Learn how to perform a simple evaluation using the following components:

Note

The time to complete this tutorial is approximately 15 minutes. In this tutorial, you run an evaluation job. For more information on evaluation job duration, refer to Expected Evaluation Duration.

Prerequisites#

  1. Set up Evaluator before following this tutorial. Refer to the Demo Cluster Setup on minikube or production deployment guides for the platform and Evaluator individually.

  2. This tutorial uses a model tokenizer from Hugging Face which requires:

  3. Store the service URL to use it in your code; the URL of the evaluator service depends on where you deploy Evaluator and how you configure it.

    Important

    Replace the variable values below. For your full service URL include the appropriate protocol (http:// or https://) before you run this code.

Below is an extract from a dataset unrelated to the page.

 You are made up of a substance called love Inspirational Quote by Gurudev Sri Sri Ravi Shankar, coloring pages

    from nemo_microservices import NeMoMicroservices
    
    # Set variables and initialize the client
    EVALUATOR_BASE_URL = "http(s)://<your evaluator service endpoint>"
    NIM_BASE_URL = "http(s)://<your NIM service URL>"
    HF_TOKEN = "<your readonly Hugging Face token>"
    
    client = NeMoMicroservices(
        base_url=EVALUATOR_BASE_URL
    )
    
    export EVALUATOR_BASE_URL="http(s)://<your evaluator service endpoint>"
    export NIM_BASE_URL="http(s)://<your NIM service URL>"
    export HF_TOKEN="<your readonly Hugging Face token>"
    

1. Create a job#

The following example illustrates the creation of an evaluation job created within a specified namespace (my-organization) and made up of two components:

  • target – the model under evaluation

  • config – specifies the evaluation to perform and its parameters

When you call the API to create the job, the evaluation starts automatically.

Important

When using chat templates (apply_chat_template: true), we must also configure the Hugging Face tokenizer:

  1. Set tokenizer_backend: "hf" to use the Hugging Face tokenizer

  2. Set tokenizer to the appropriate Hugging Face model ID (e.g. “meta-llama/Llama-3.2-3B-Instruct”)

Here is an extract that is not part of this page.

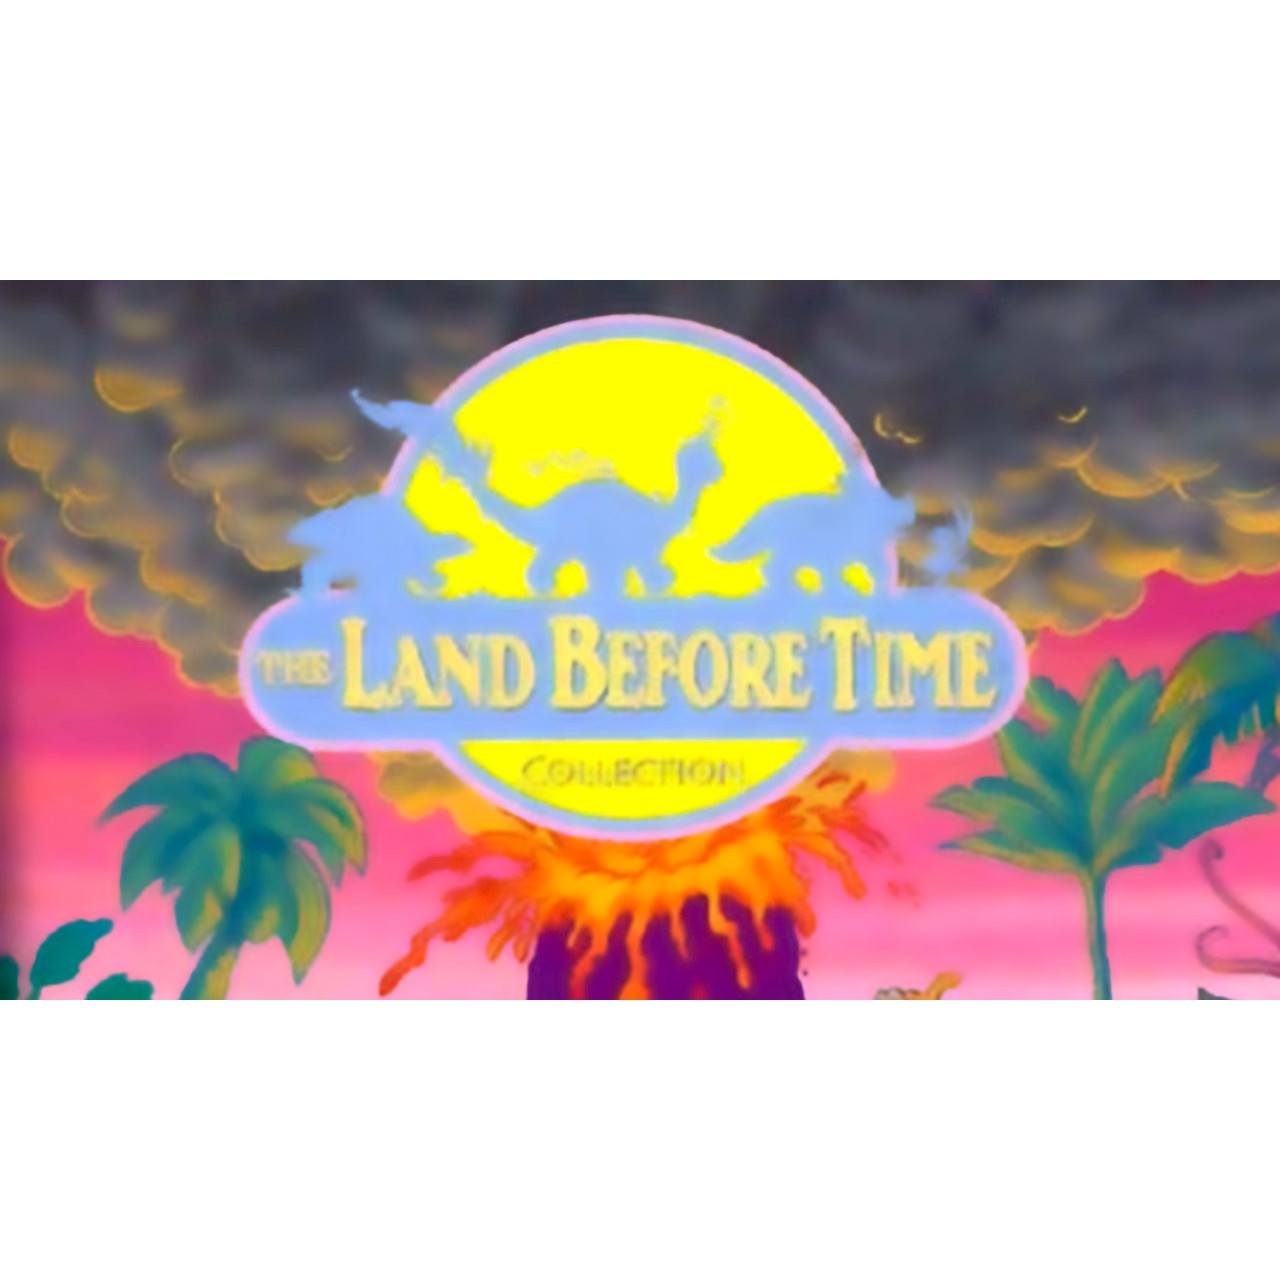 he Land Before Time Nintendo GBA Game Boy Advance Game

  3. Set hf_token to your Hugging Face access token (required for most model tokenizers)

  4. Ensure you’ve accepted the license agreement for the model on Hugging Face and access has been granted

v2 (Preview)#

Warning

v2 API Preview: The v2 API is available for testing and feedback but is not yet recommended for production use. Breaking changes may occur before the stable release.

The v2 API introduces a spec envelope at the top level.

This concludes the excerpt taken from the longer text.